Повезло — не Холера. Просто подвыпивший бюргер, основательно кренящийся набок и пытающийся напевать себе под нос какую-то похабщину. Но Барбаросса все равно выждала из осторожности полминуты, прежде чем заговорить вновь.
В словах гомункула была толика правды. Крошечная, как и он сам.
В мире смертных обретается до черта ублюдков, которые обманом, щедрыми подношениями или лестью выманили себе крохи адских энергий. Большая часть из них — жалкие ворожеи, шептуны, колдуны и знахари, способные заговаривать зубную боль, умерщвлять плод в утробе и пугать детвору на ярмарках неказистыми фокусами. Никчемная публика, даже более жалкая, чем ведьмы, жалкие тараканы, довольствующиеся крохами адских сил.
Херня. Эта братия годится, чтобы избавиться от вшей, но не от хищного демона, засевшего у нее в печенках. Может…

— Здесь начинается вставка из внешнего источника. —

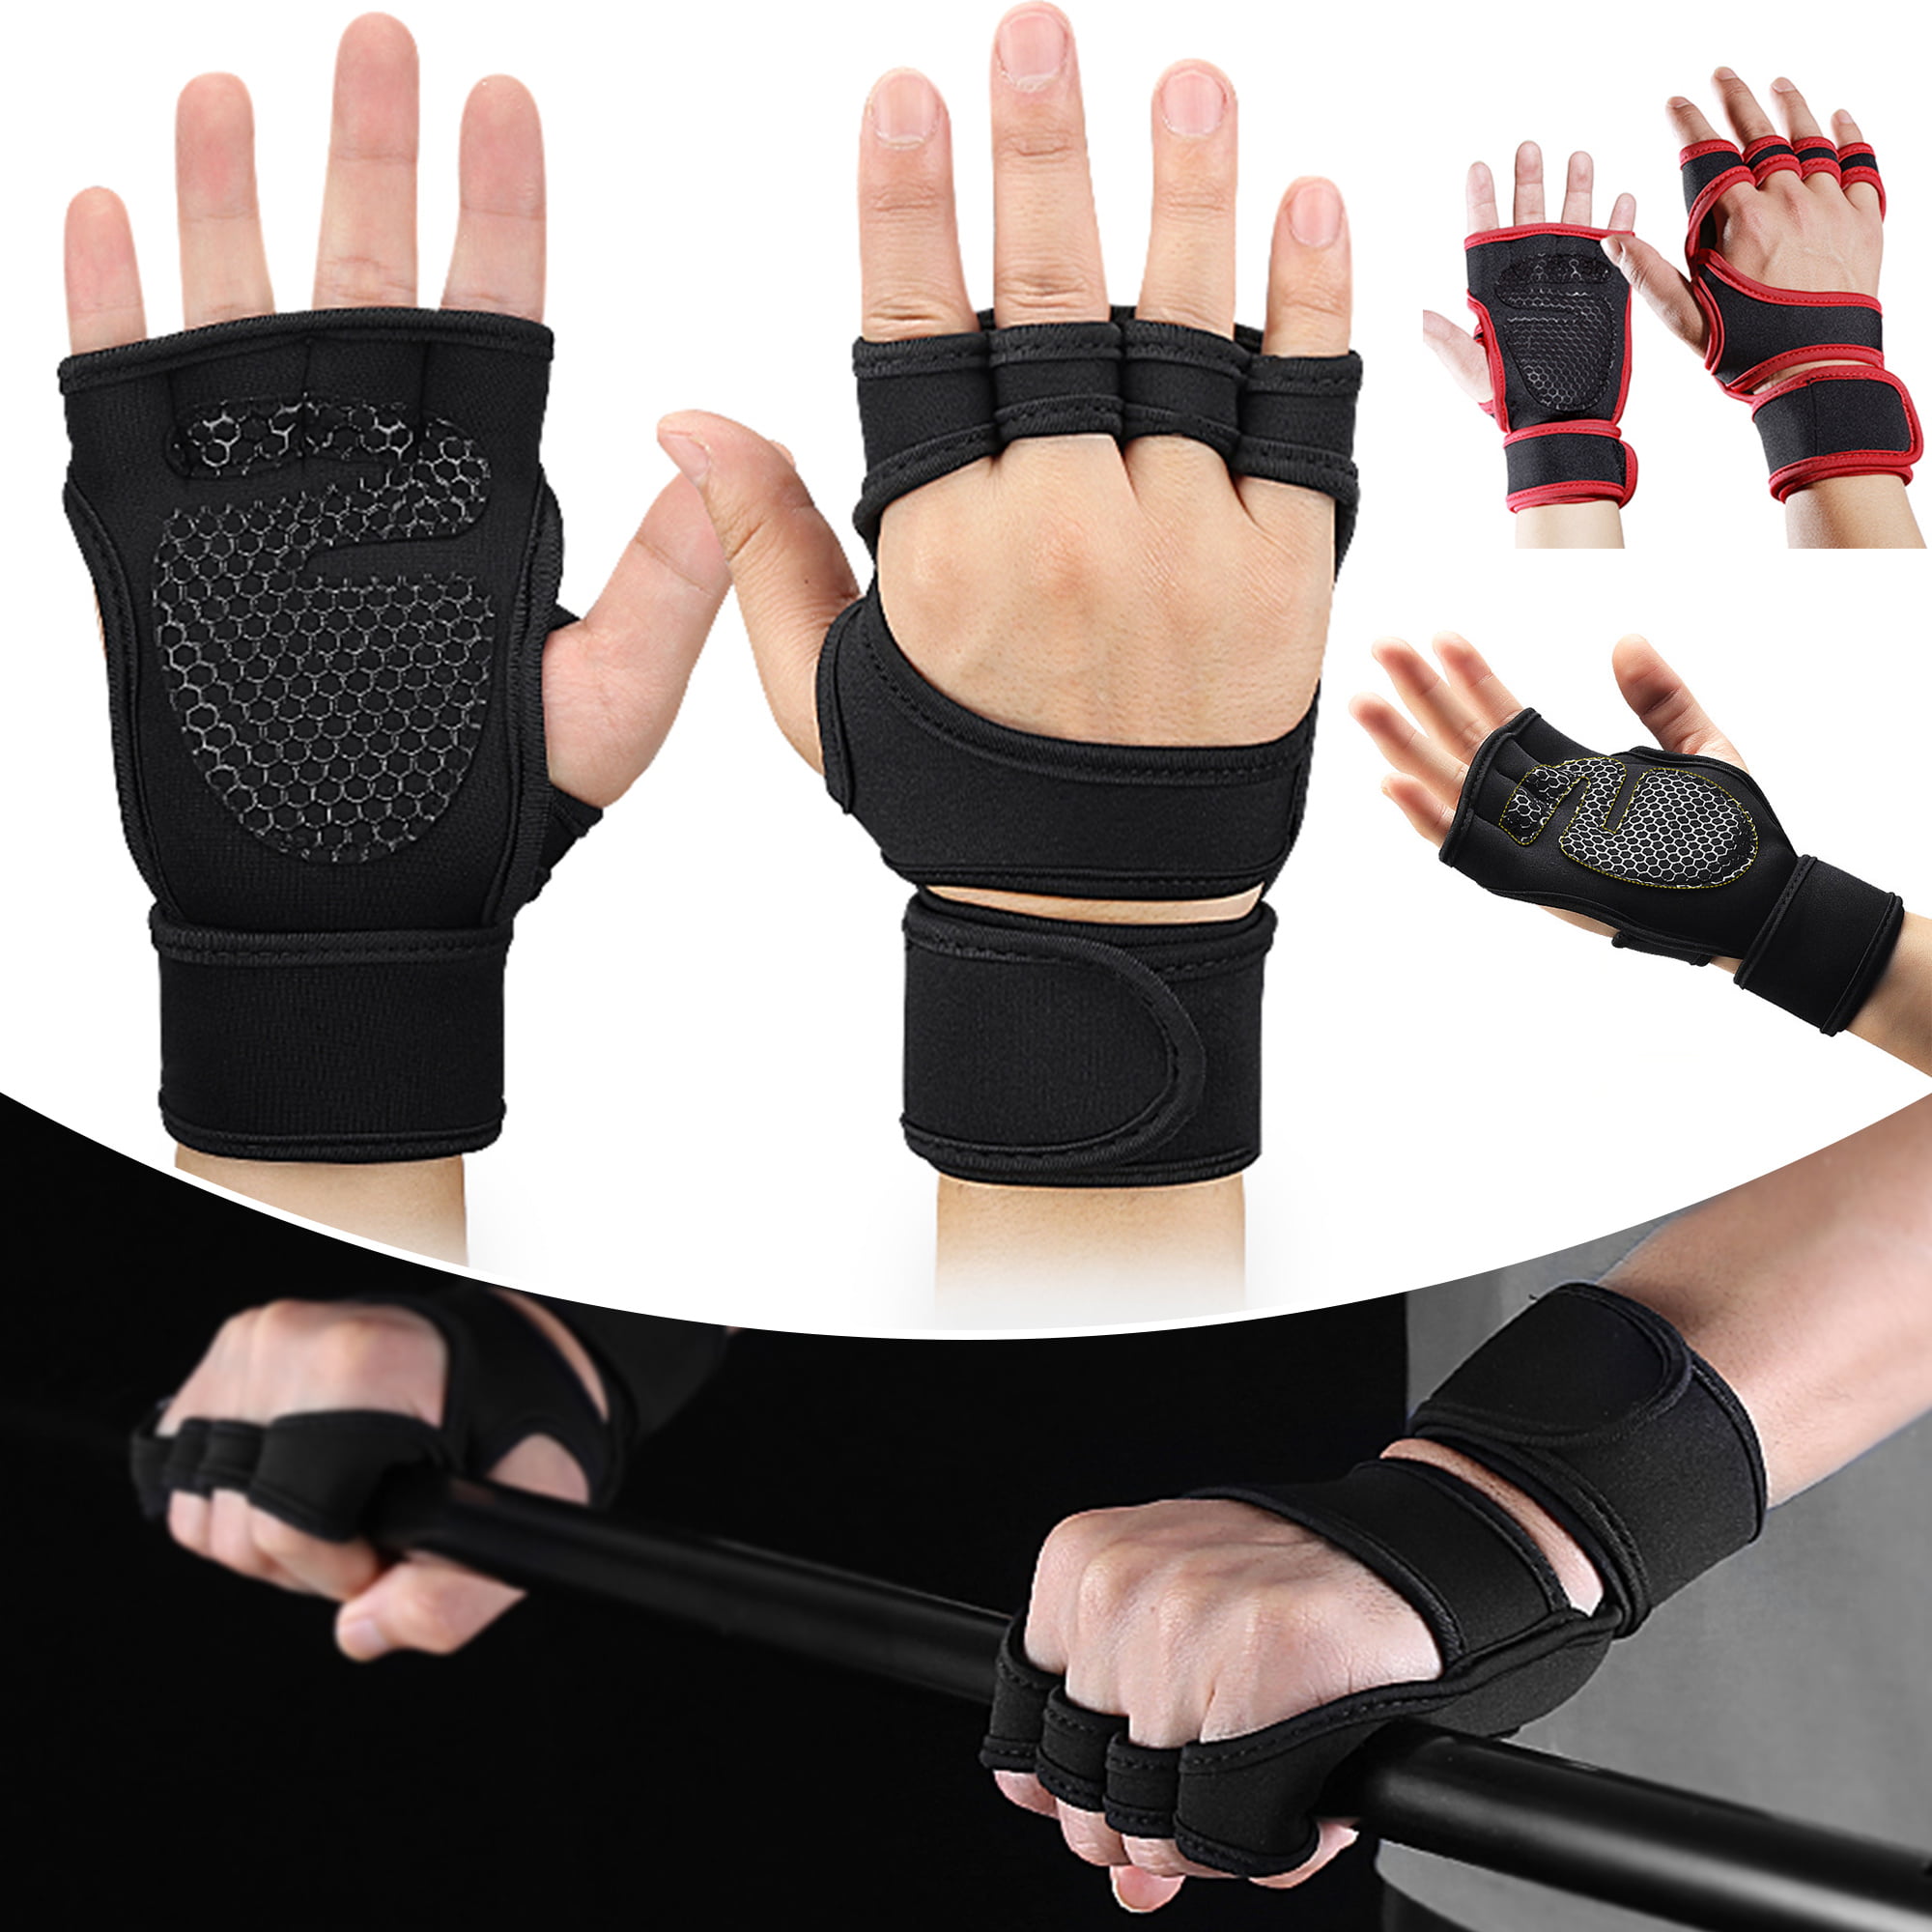 Details about  / Sport Non-Slip Gloves Weight Lifting Fitness Gym Training Half Finger Black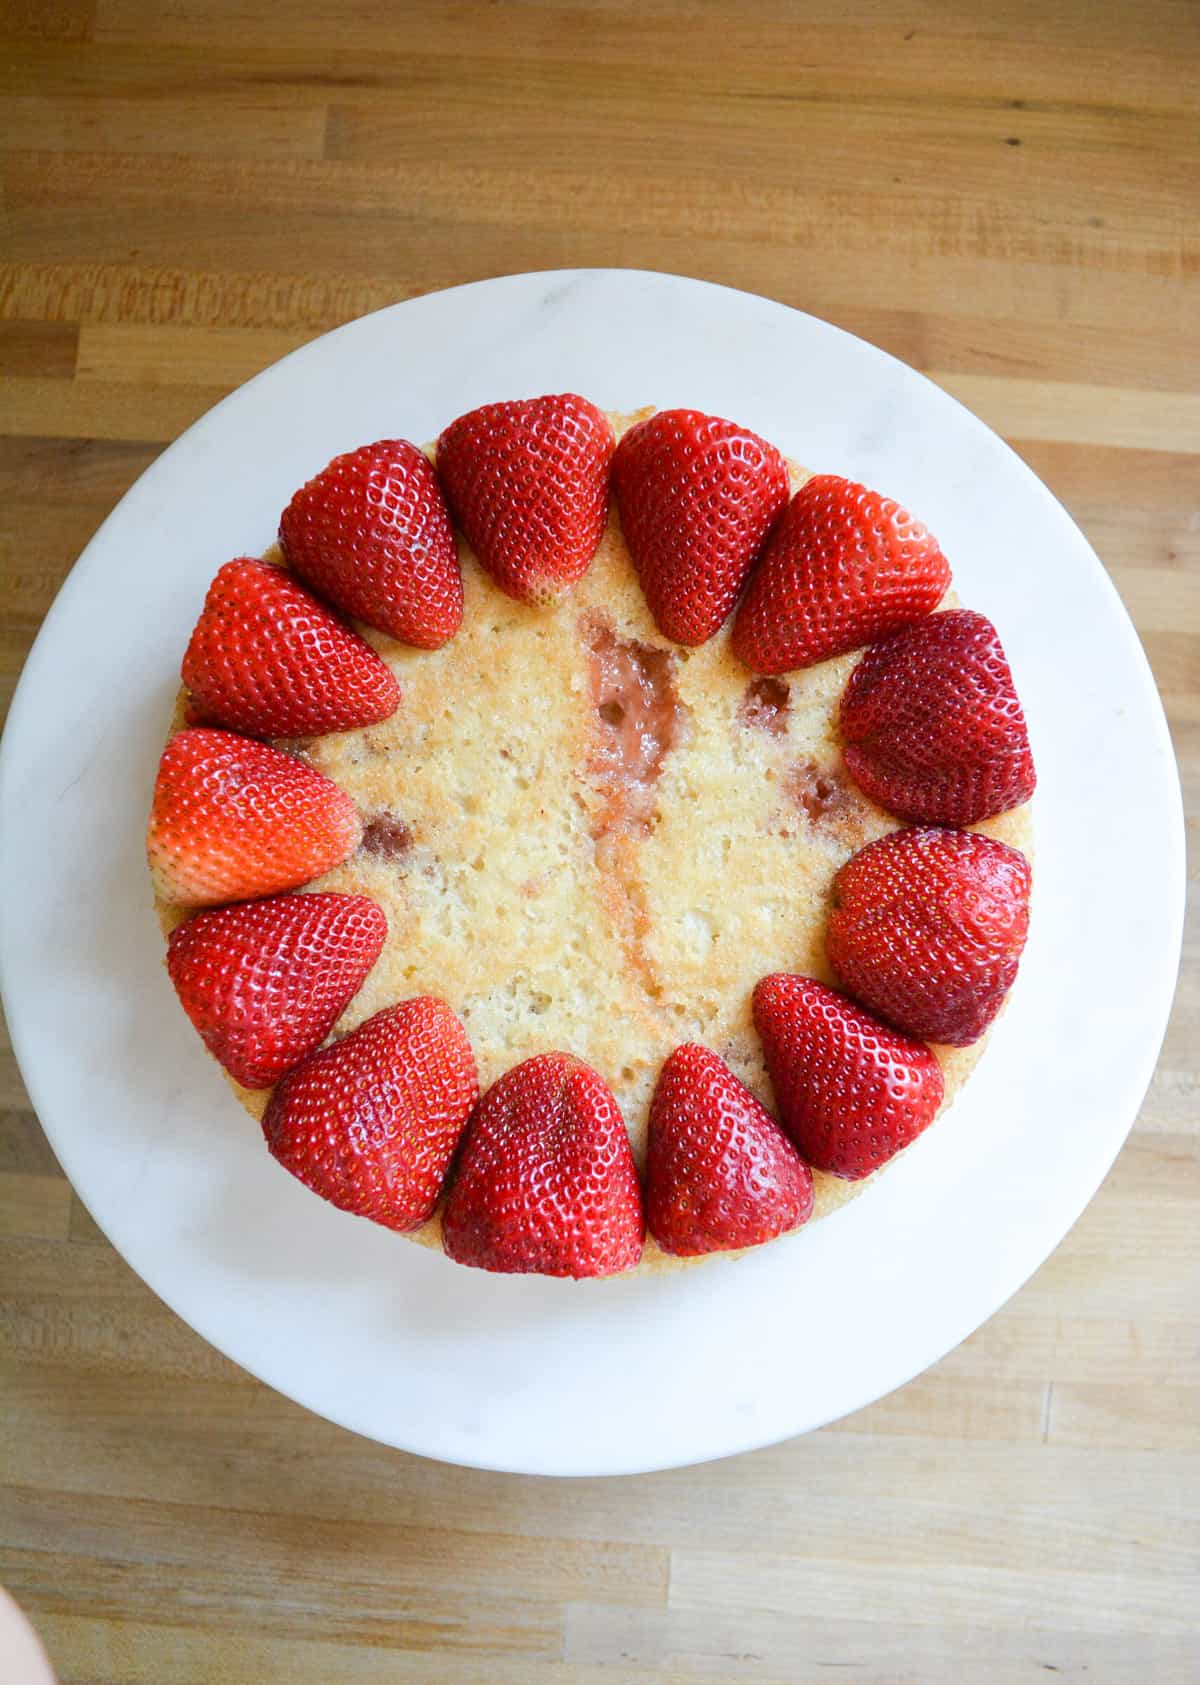 Strawberries lining the perimeter of a cake layer

— Чернокнижник, — пробормотала она, — Возможно, мне удастся наскрести серебра на чернокнижника средней руки и…
Гомункул презрительно сплюнул. Так мастерски, что она отчетливо услышала звук плевка.
— Чернокнижника!.. Чернокнижники — это жалкий сброд, не имеющий отношения к древнему благородному искусству демонологии! Вчерашние козопасы, начитавшиеся хрен знает каких брошюр и возомнившие себя знатоками адских наук. Они силятся управлять энергиями Ада, не прибегая к помощи тамошних владык, и заканчивается это обычно одинаково. Как у всякого болвана, вознамерившегося поймать рухнувший с колокольни колокол, не прибегая к лесам, веревкам и рычагам. Жалкое, презренное племя, состоящее из ничтожных самоубийц! Ты ведь помнишь Франца Райхельта?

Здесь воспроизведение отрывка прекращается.